2.3. Evaluation Metrics
The employed evaluation metrics are (i) the accuracy, which is the percentage of the predicted mRS scores matching the corresponding ground-truth mRS scores, and (ii) the average absolute error between the predicted mRS scores and the corresponding ground-truth mRS scores.
3. Experimental Results
First Experiment:
In this experiment, we compare the mRS prediction performance of the tractographic feature with other first-order features extracted from the lesion mask. These first-order features include the volumetric feature, spatial feature, morphological feature and volumetric-spatial feature depicted in Table 2. The framework of the first experiment is shown in Fig. 2.
Table 2.
First-order features extracted from the stroke lesion.

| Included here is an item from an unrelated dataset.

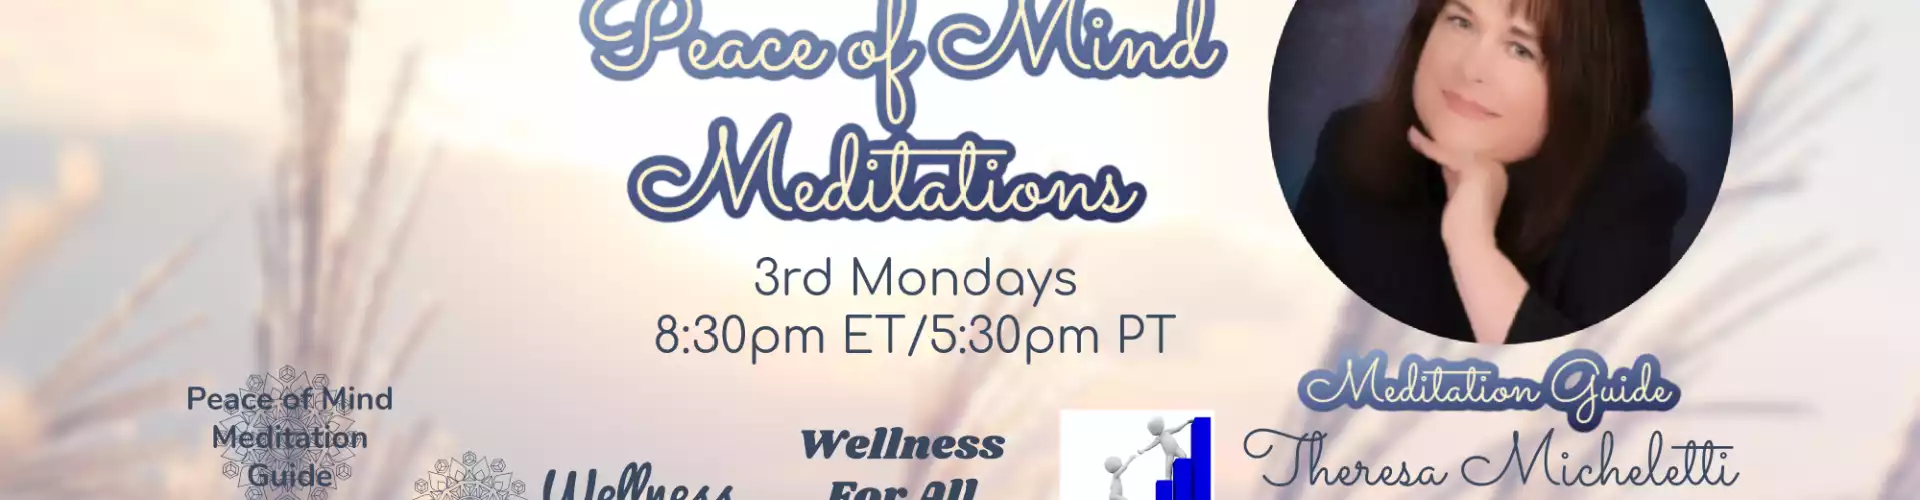 Peace of Mind Meditations with WU Expert Theresa Micheletti
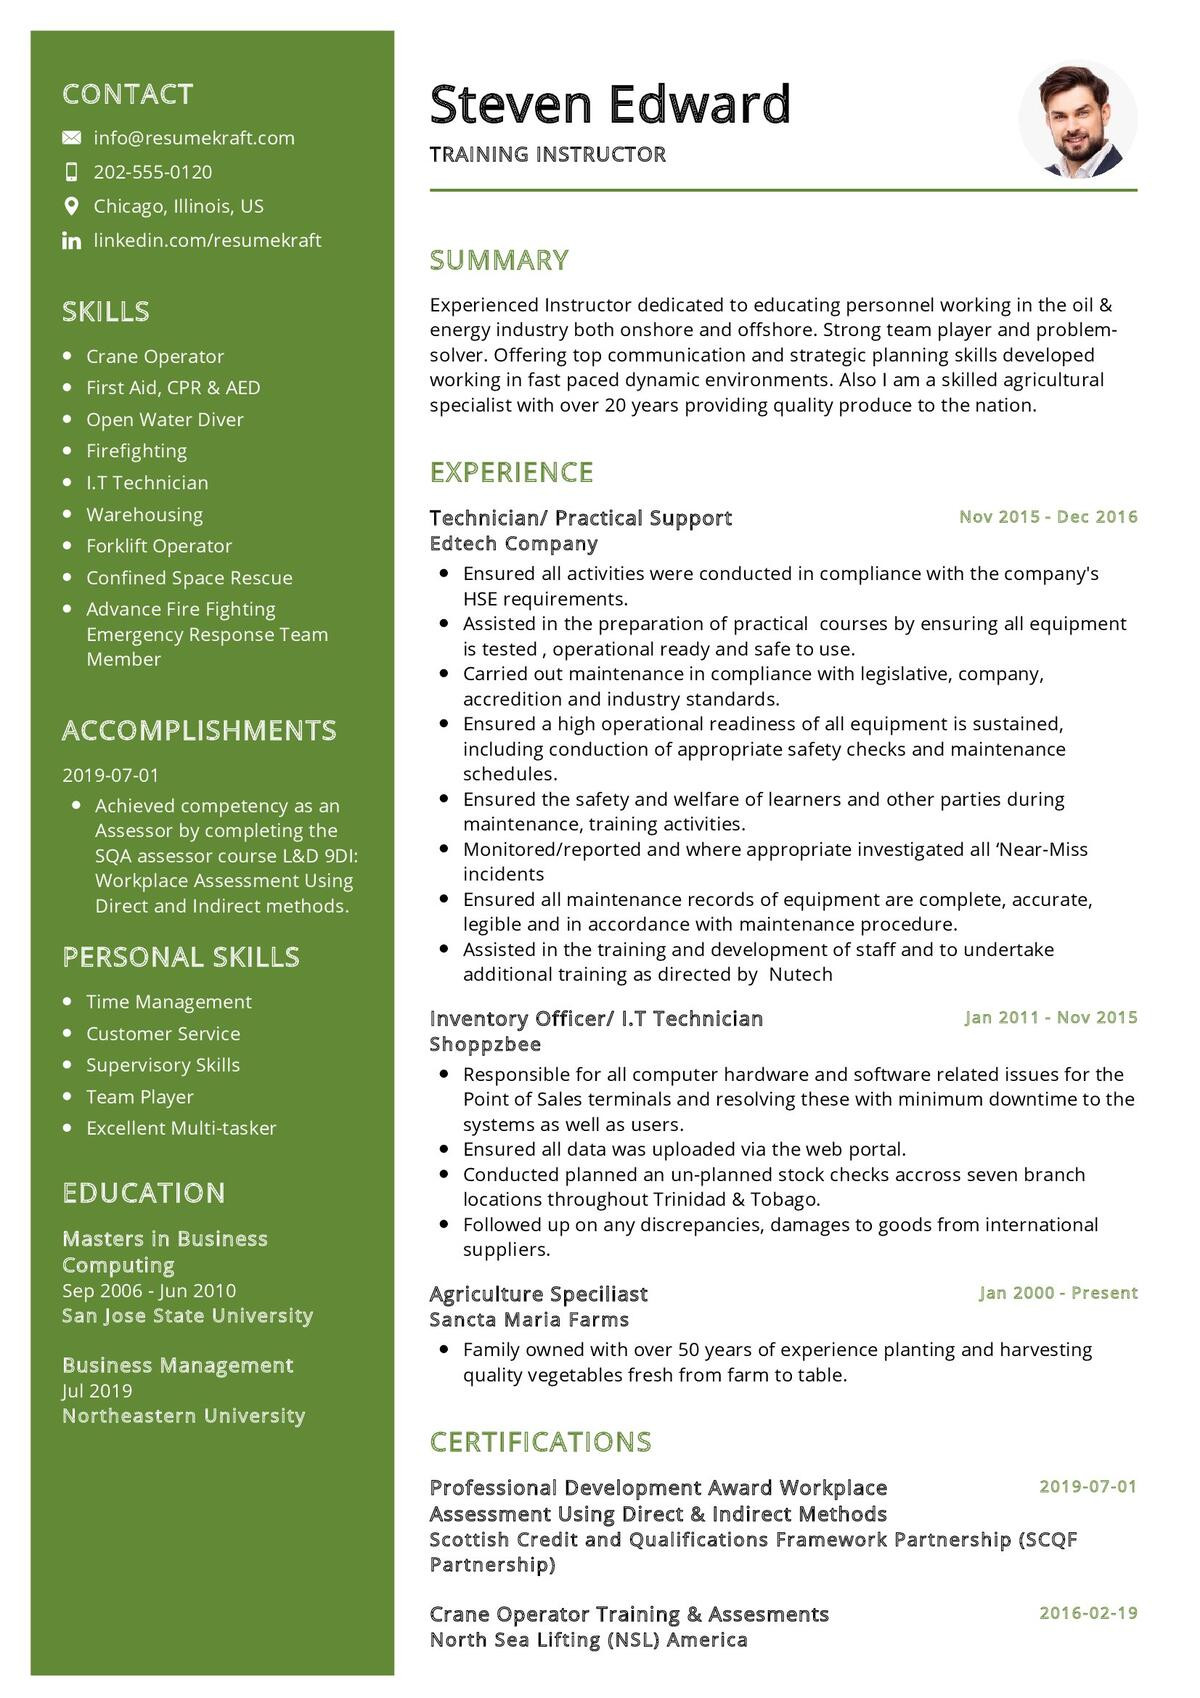 Training Manager and Development Manager Resume Sample Training Instructor Resume Sample 2021 Writing Guide – Resumekraft

| Type of feature | Descriptions |
|---|---|
| Volumetric feature | Volumetric feature is the volume of the lesion in the MNI space, and it only has one dimension |
| Spatial feature | Spatial feature describes the location of the lesion in the brain. The centroid of the lesion is extracted as the spatial feature for each subject, and the spatial feature has three dimensions |
| Morphological feature | Morphological feature describes shape information of the lesion. The length of the major axis and minor axis of the lesion, the ratio of the length of the major axis and minor axis of the lesion, the solidity and roundness of the lesion, and the surface of the lesion are extracted as the morphological feature. The morphological feature has six dimensions for each subject |
| Volumetric-spatial feature | Volumetric-spatial feature describes the distribution of the stroke lesion in different brain parcellation regions from an existing structural atlas. Automated Anatomical Labeling (AAL) [19] is used to build the volumetric-spatial feature so the dimension of the volumetric-spatial feature is 116 |
Fig. 2.

The framework of the first experiment. In the end, the predicted mRS grade is rounded to an integer.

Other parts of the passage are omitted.